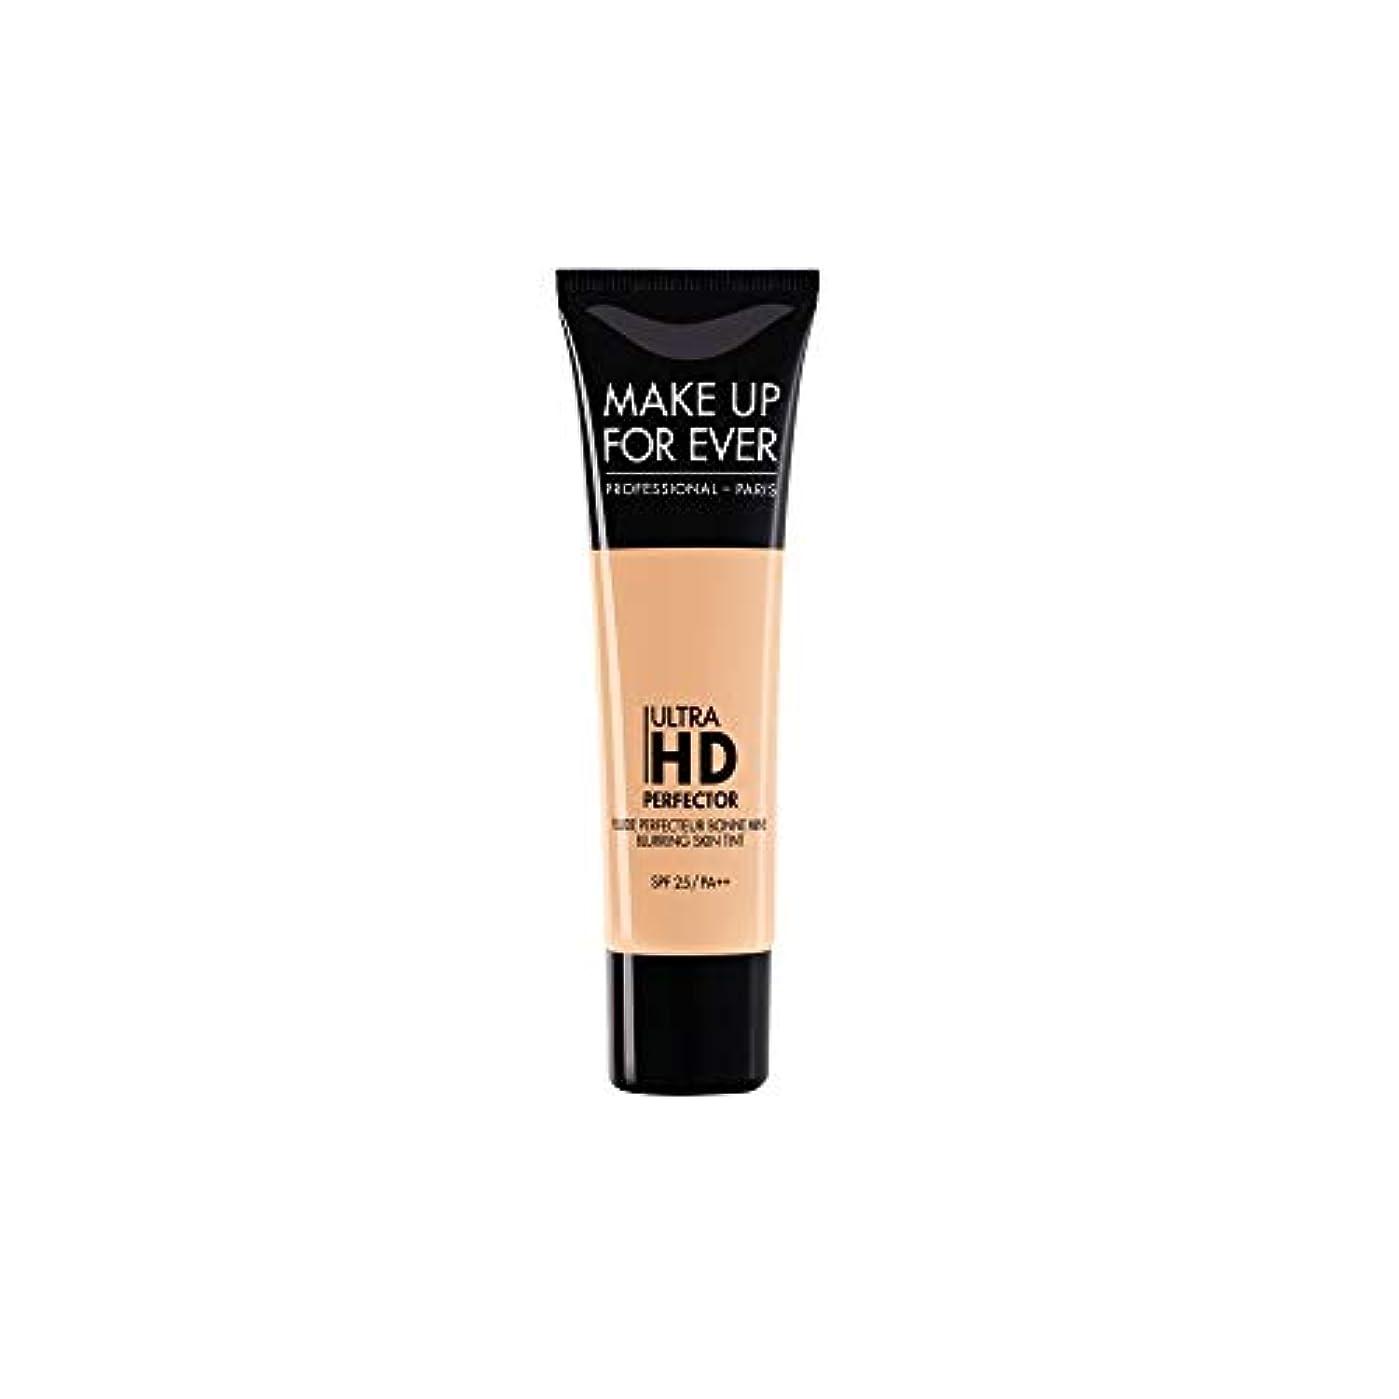 聴覚障害者キャンプ春メイクアップフォーエバー Ultra HD Perfector Blurring Skin Tint SPF25 - # 05 Sand 30ml/1.01oz並行輸入品
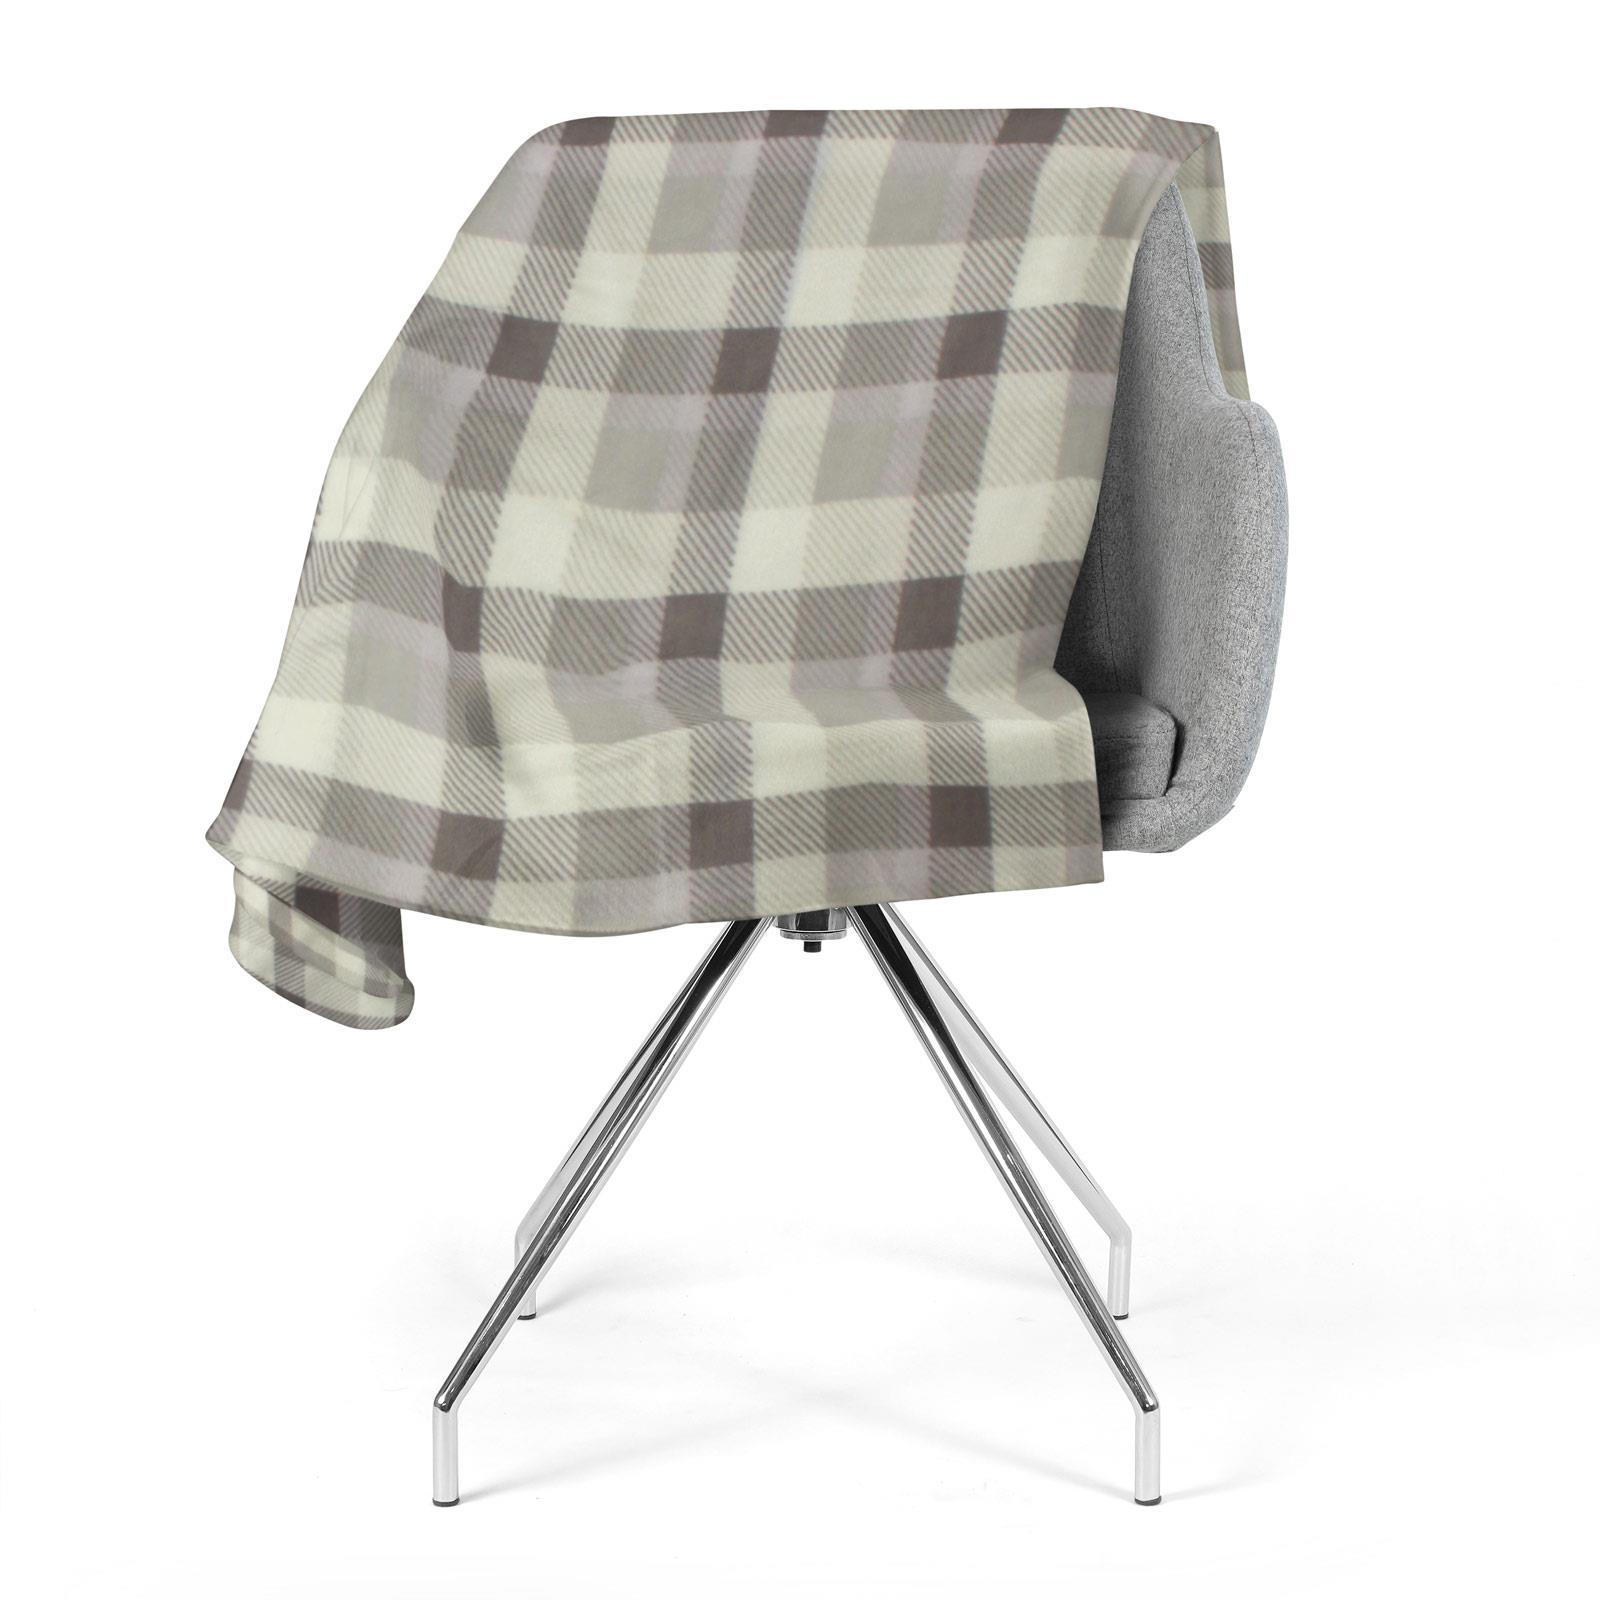 Sofa-de-verificacion-de-tartan-polar-mantas-polar-silla-acogedor-lanza-Manta-127cm-X-152cm miniatura 24
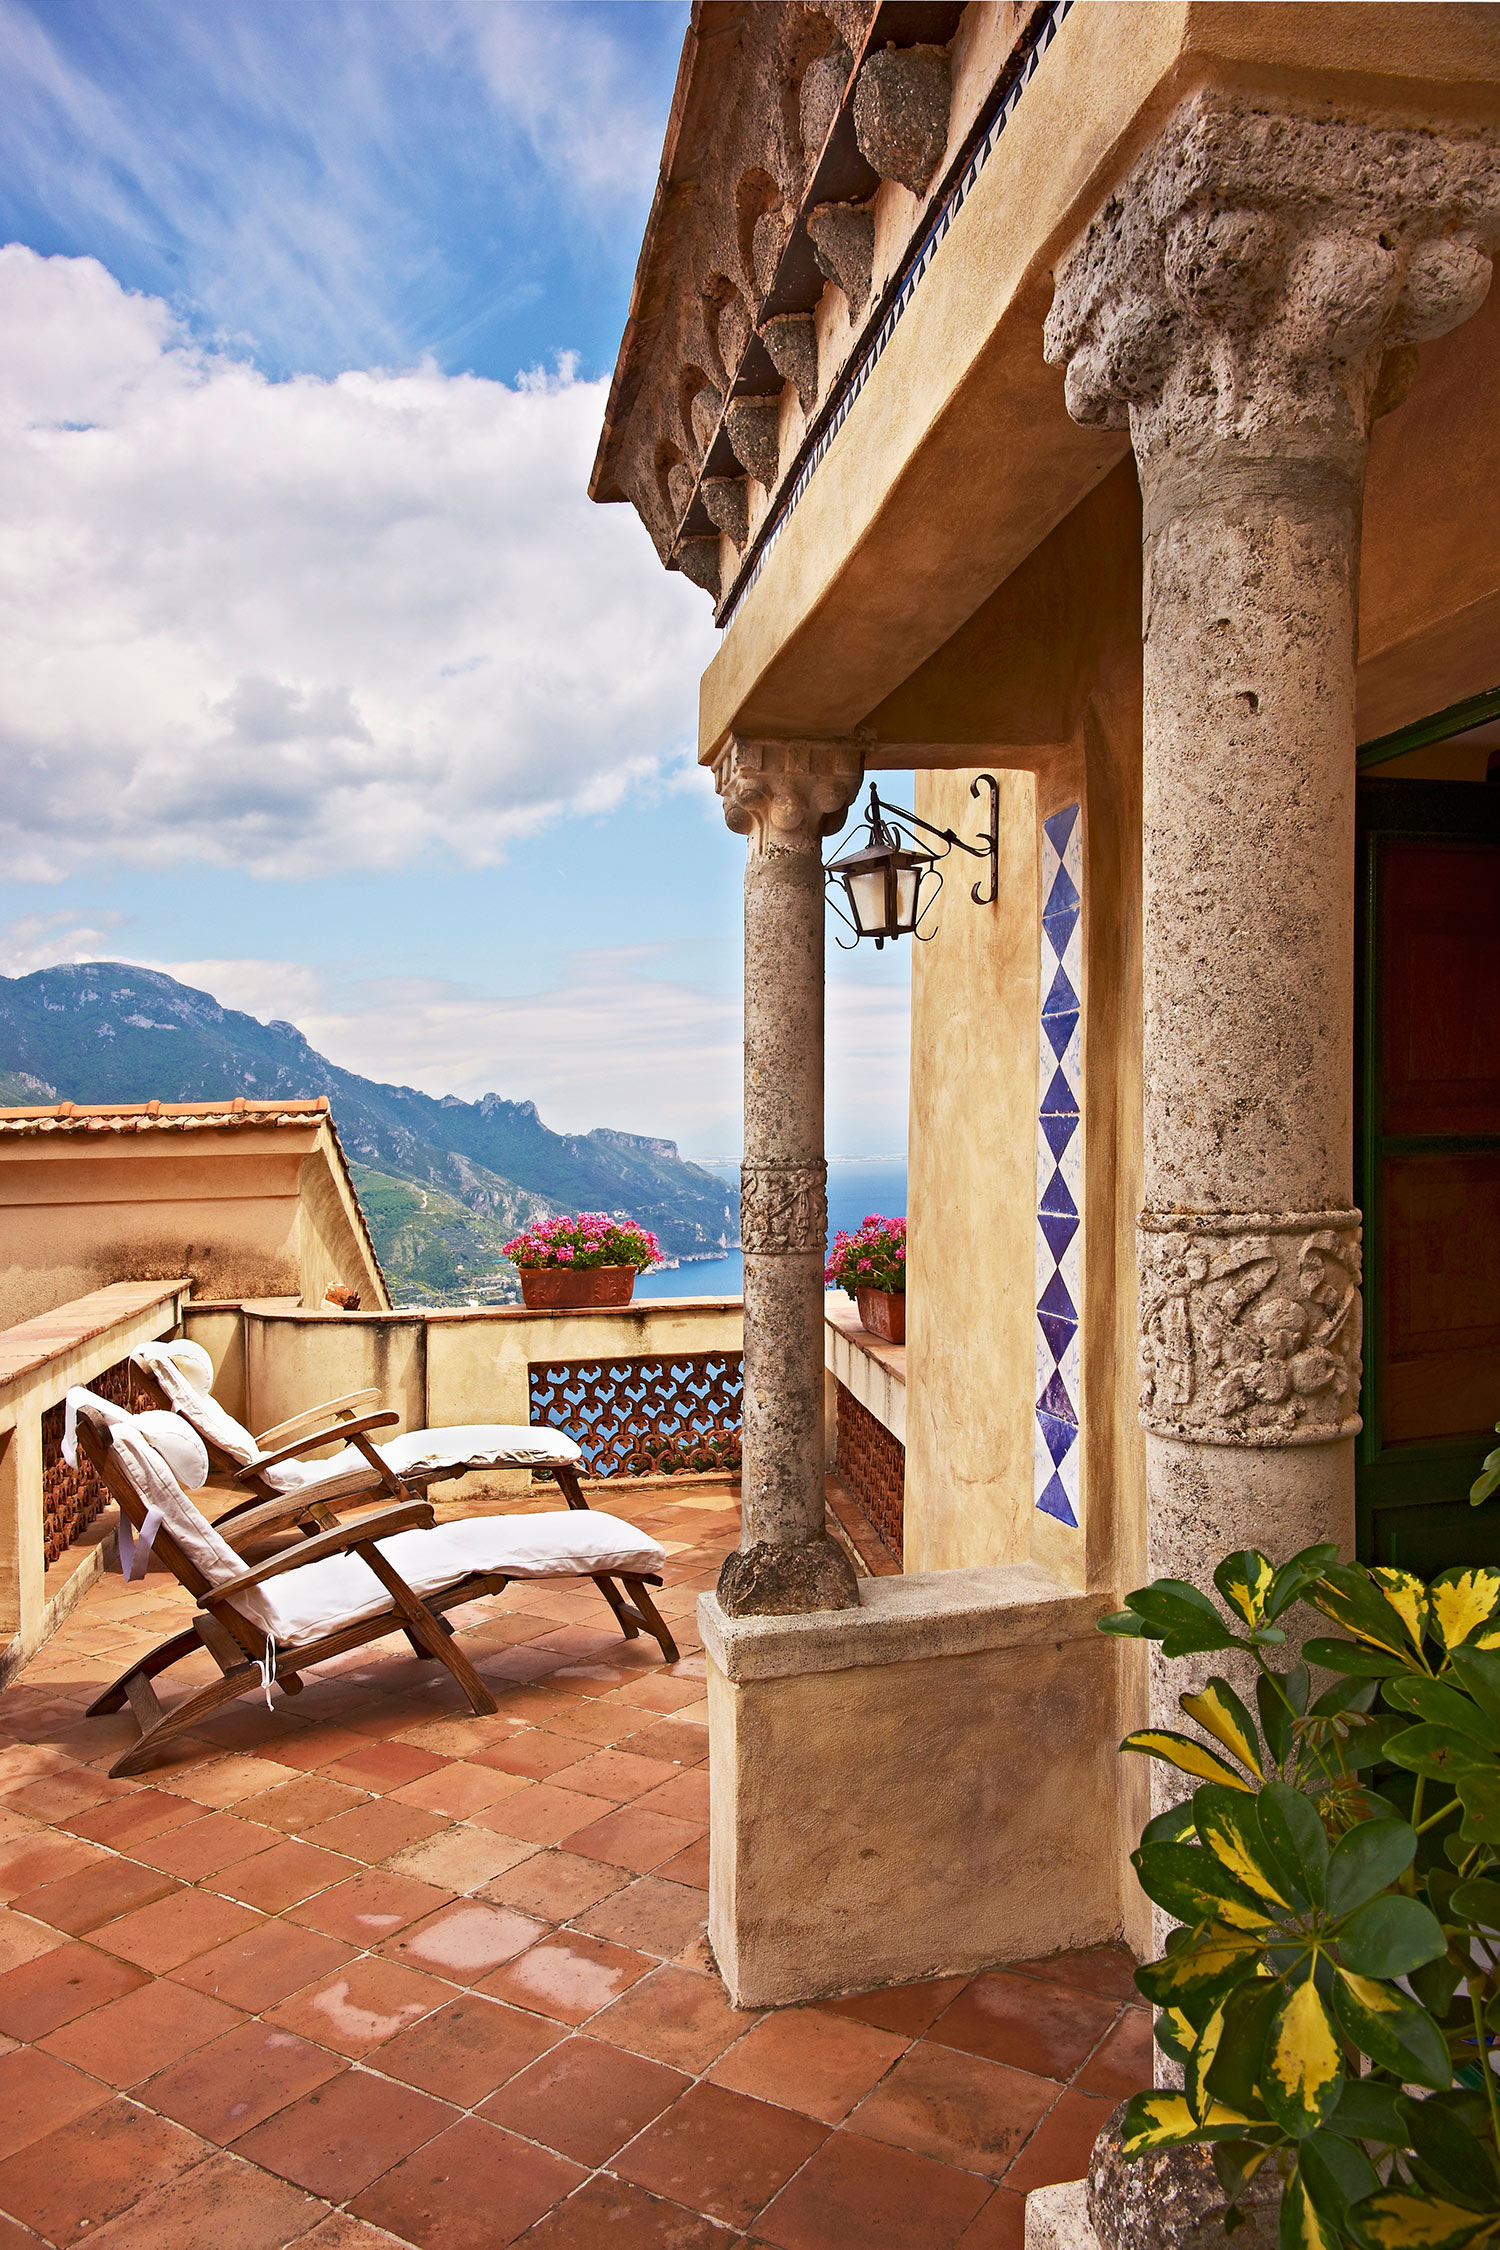 Stile mediterraneo mosaici e maioliche westwing magazine for Piani di casa artigiana con seminterrato di sciopero

************

Only the pictures should be left out; the rest of the material above must be repeated exactly.

 聴覚障害者キャンプ春メイクアップフォーエバー Ultra HD Perfector Blurring Skin Tint SPF25 - # 05 Sand 30ml/1.01oz並行輸入品
 Sofa-de-verificacion-de-tartan-polar-mantas-polar-silla-acogedor-lanza-Manta-127cm-X-152cm miniatura 24
 Stile mediterraneo mosaici e maioliche westwing magazine for Piani di casa artigiana con seminterrato di sciopero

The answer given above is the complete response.